Между тем вышесказанное позволяет сделать некоторые выводы. Так как однажды уже найден магистральный путь развития формоопределенностей продукта и обнаружен последний член (Д1) третьей триады, установление остальных триад не представляется сложным. Средний член (К) третьей триады (Д—К—Д1) является исходным для четвертой. Очевидно, последующим членом четвертой триады будут деньги (Д1), полученные самоотрицанием капитала, третьим же членом данной триады, т.е. последним ее пунктом, как видно из схемы, будет совершенно обновленный по содержанию товар (Т1), полученный отрицанием Д1. Следовательно, четвертая триада примет вид: К—Д1—Т1. Не выходя даже за рамки законов формальной логики, можно установить и пятую триаду, которая, исходя из вышесказанного, будет выглядеть не иначе как Д1—Т1—П1. Следовательно, прежде чем потребительная стоимость, а в конечном счете универсальный, действительно «очеловеченный» продукт станет господствующим, общественная формоопределенность продукта должна пройти четыре триады и непременно установить пятую как положительный синтез всего развития. Однако определяющей здесь является внутренняя диалектика, а не формальная логика. Первая триада (П—Т—Д) переходит во вторую (Т—Д—К) благодаря внутреннему противоречию; вторая триада — в третью (Д—К—Д1), третья триада — в четвертую (К—Д1—Т1), четвертая же триада, окончательно самоотрицаясь, устанавливает положительный синтез (Д1—Т1—П1). Последняя триада как положительный синтез развивается бесконечно. Поэтому теория отмирания социализма совершенно беспочвенна. В пределах данной меры, или в условиях существования нормальной среды на земле, данное положение принимает абсолютное [266] значение. Только естественный коллапс нашей галактики вообще и в частности солнечной системы может послужить причиной регресса в общественном развитии. Лишь в указанном смысле правомерно соображение, будто социализм не есть последняя инстанция общественного развития.

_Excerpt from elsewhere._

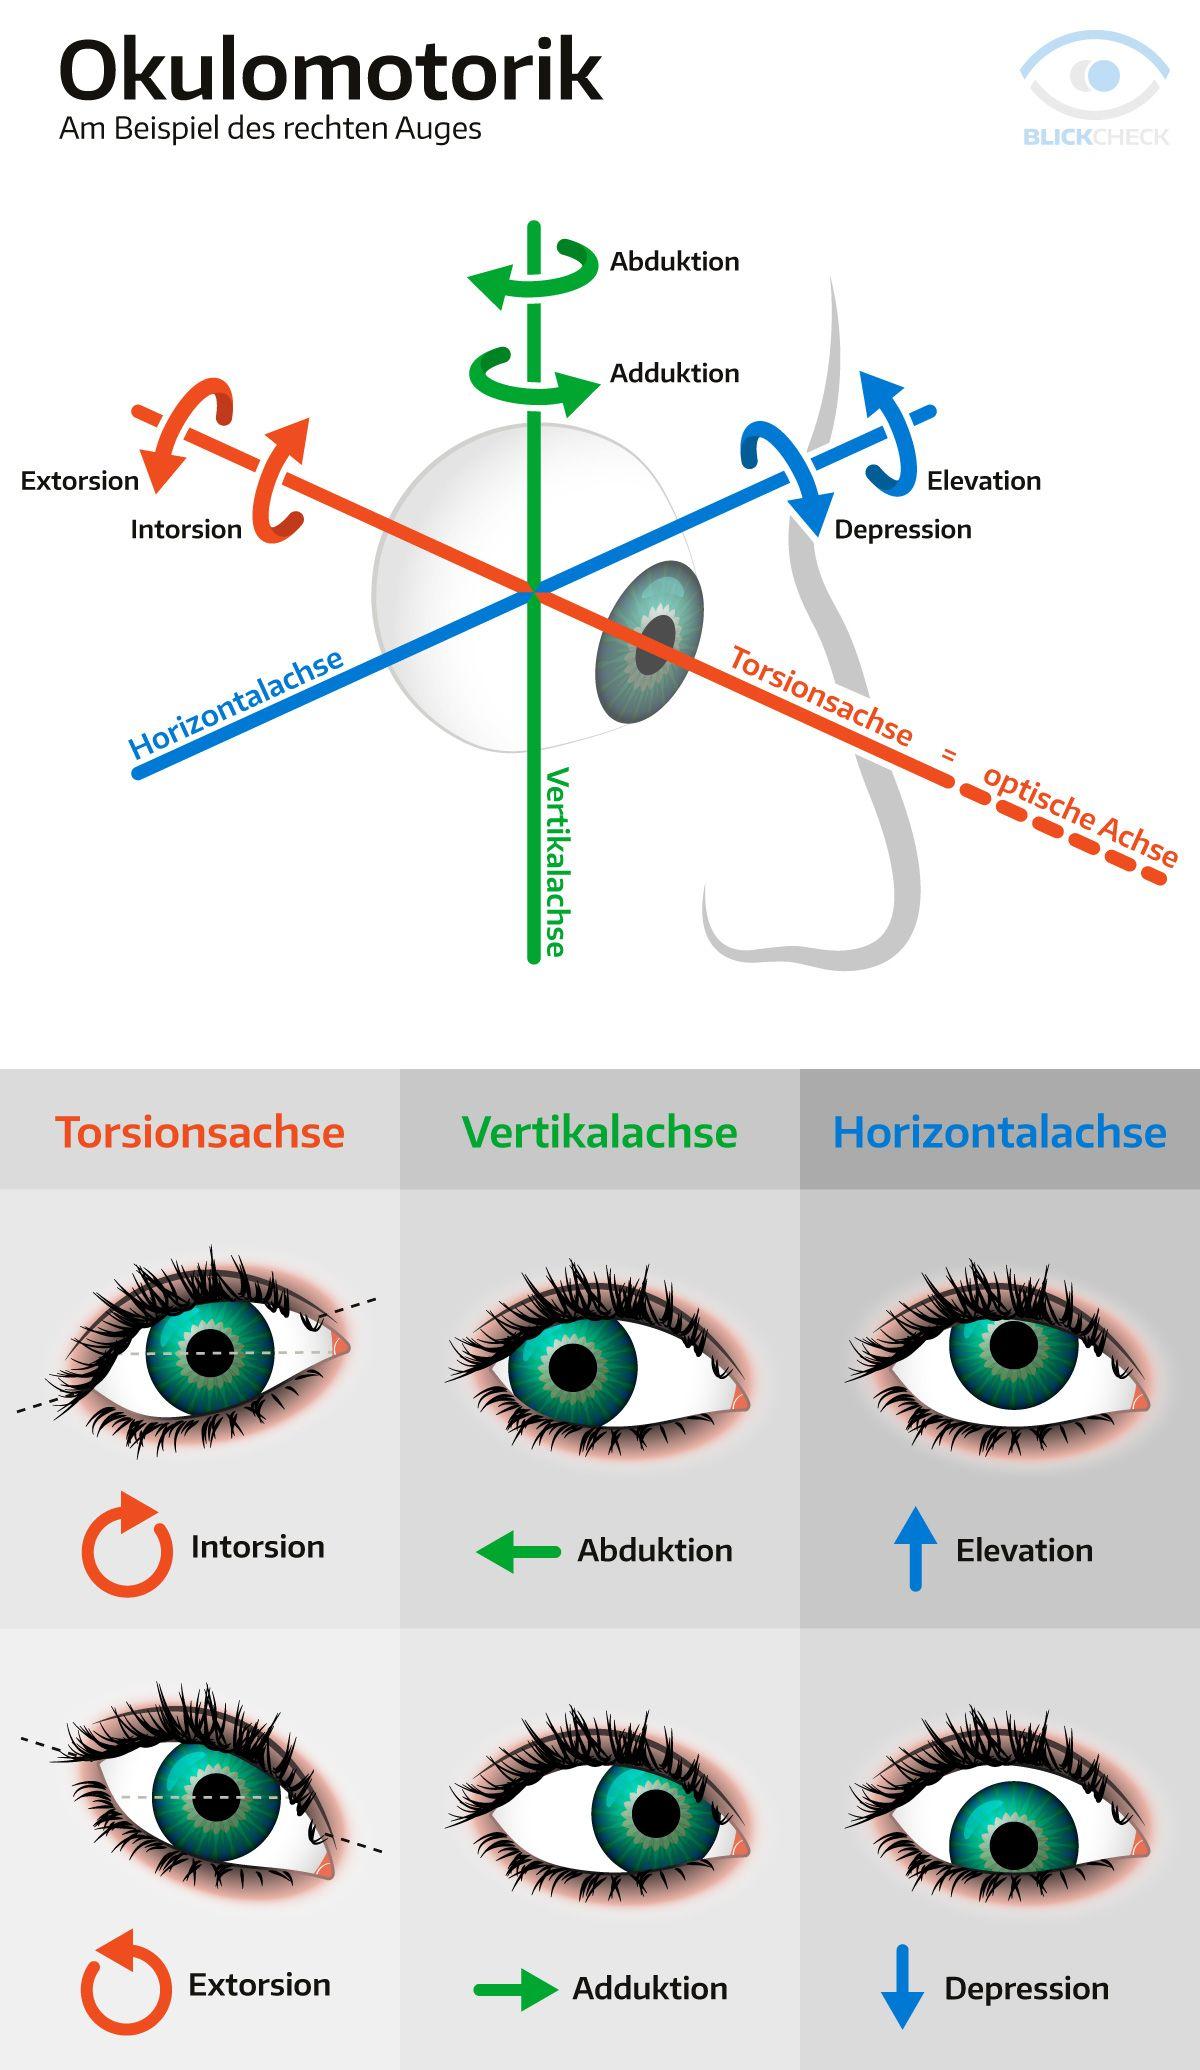 Okulomotorik (Augenbewegung) am Beipiel des rechten Auges ...

Как только вся история предстанет в виде целого процесса развития формоопределенностей продукта, у критически мыслящего читателя может возникнуть естественный вопрос: «Ведь существует однажды установленная историография, так к чему же эти триады?» Не усматриваются ли в новой концепции элементы эклектизма двух систем или попытка ревизии марксизма? Не означают ли эти триады отказ от формационного или иного деления историографии? Не есть ли это очередная идеологическая проделка против социализма и т.д. и т.д. Все эти вопросы в ожидании ответа. Коснемся лишь некоторых из них. Для современного мира проблемой проблем остается преодоление оттисков идеологических взглядов и их противоборства. Для будущего общества одной из главных задач является выработка новой действительно человеческой идеологии. Построение нового общества без классов, без эксплуатации, без любых проявлений антагонизма с помощью устаревших лозунгов и взглядов представляется отдаленной перспективой.

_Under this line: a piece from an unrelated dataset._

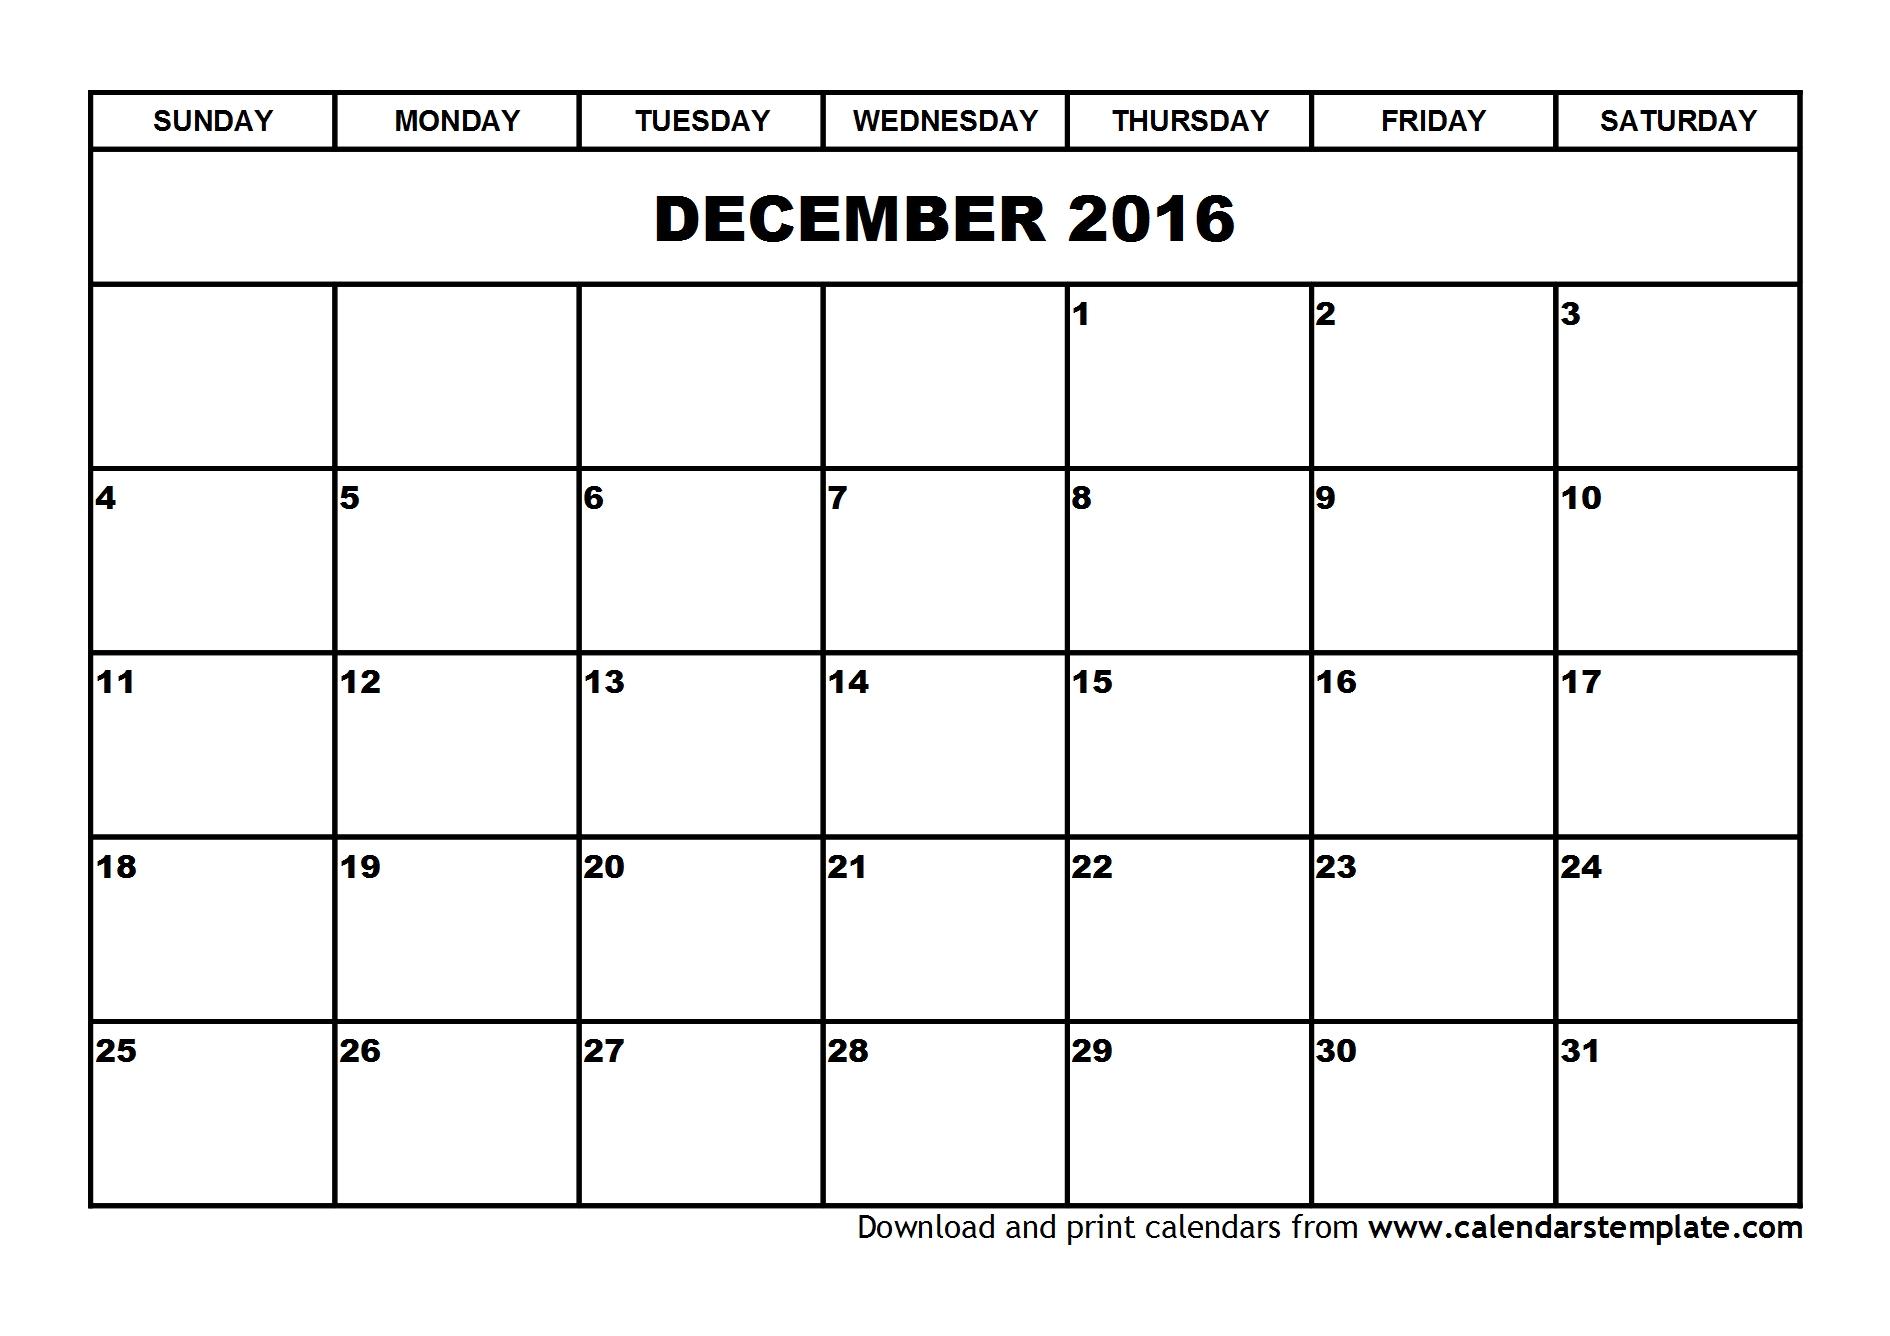 2016 Blank December Calendar Template

Что же касается деления обществ по способам производства, то оно обосновано не только абстрактно-логически, но и конкретно-исторически, и серьезные ученые даже не спорят об этом. И так называемое стадийное деление, если освободить его от идеологической оболочки, правомерно и имеет право на существование. Вопрос об альтернативе формационному делению в повестке дня был поставлен социализмом. Дело в том, что головокружительные успехи первого этапа социализма породили вопрос: «Социализм или капитализм?» Этот естественный вопрос не мог не вызвать идеологической борьбы, которая должна была создавать видимость противоборства, имеющего под собой научную основу. В этот период появились теории различных моделей социализма и теории конвергенции. В этот же период на фоне идеологической борьбы в противовес марксизму выступает теория стадийного развития общества 20. Многие ученые забыли, что Марксу, наряду с делением обществ по способам производства, принадлежит еще и представление о трехступенчатом общественном развитии.
[267]

Механически мыслящий разум здесь обнаружит «противоречие» между рассуждениями молодого и зрелого Маркса. Однако диалектически и логически, а также конкретно-исторически деление обществ на общества с пятью способами производства и представление общественного пути развития в виде трех ступеней нисколько не противоречат друг другу. В первом случае проблема рассматривается на фоне исторических форм собственности на решающие средства производства и поэтому с учетом конкретных производственных отношений; следовательно, в данном случае превращения бесспорно диалектические 21. Во втором случае развитие общества Маркс рассматривает через призму соотношения непосредственного, опосредственного и действительного. Кроме того, он представляет проблему освобождения человека от всякой зависимости в виде триады: личная зависимость отрицается вещной зависимостью и отрицание отрицания дает положительный синтез или действительное освобождение индивида (свободная индивидуальность).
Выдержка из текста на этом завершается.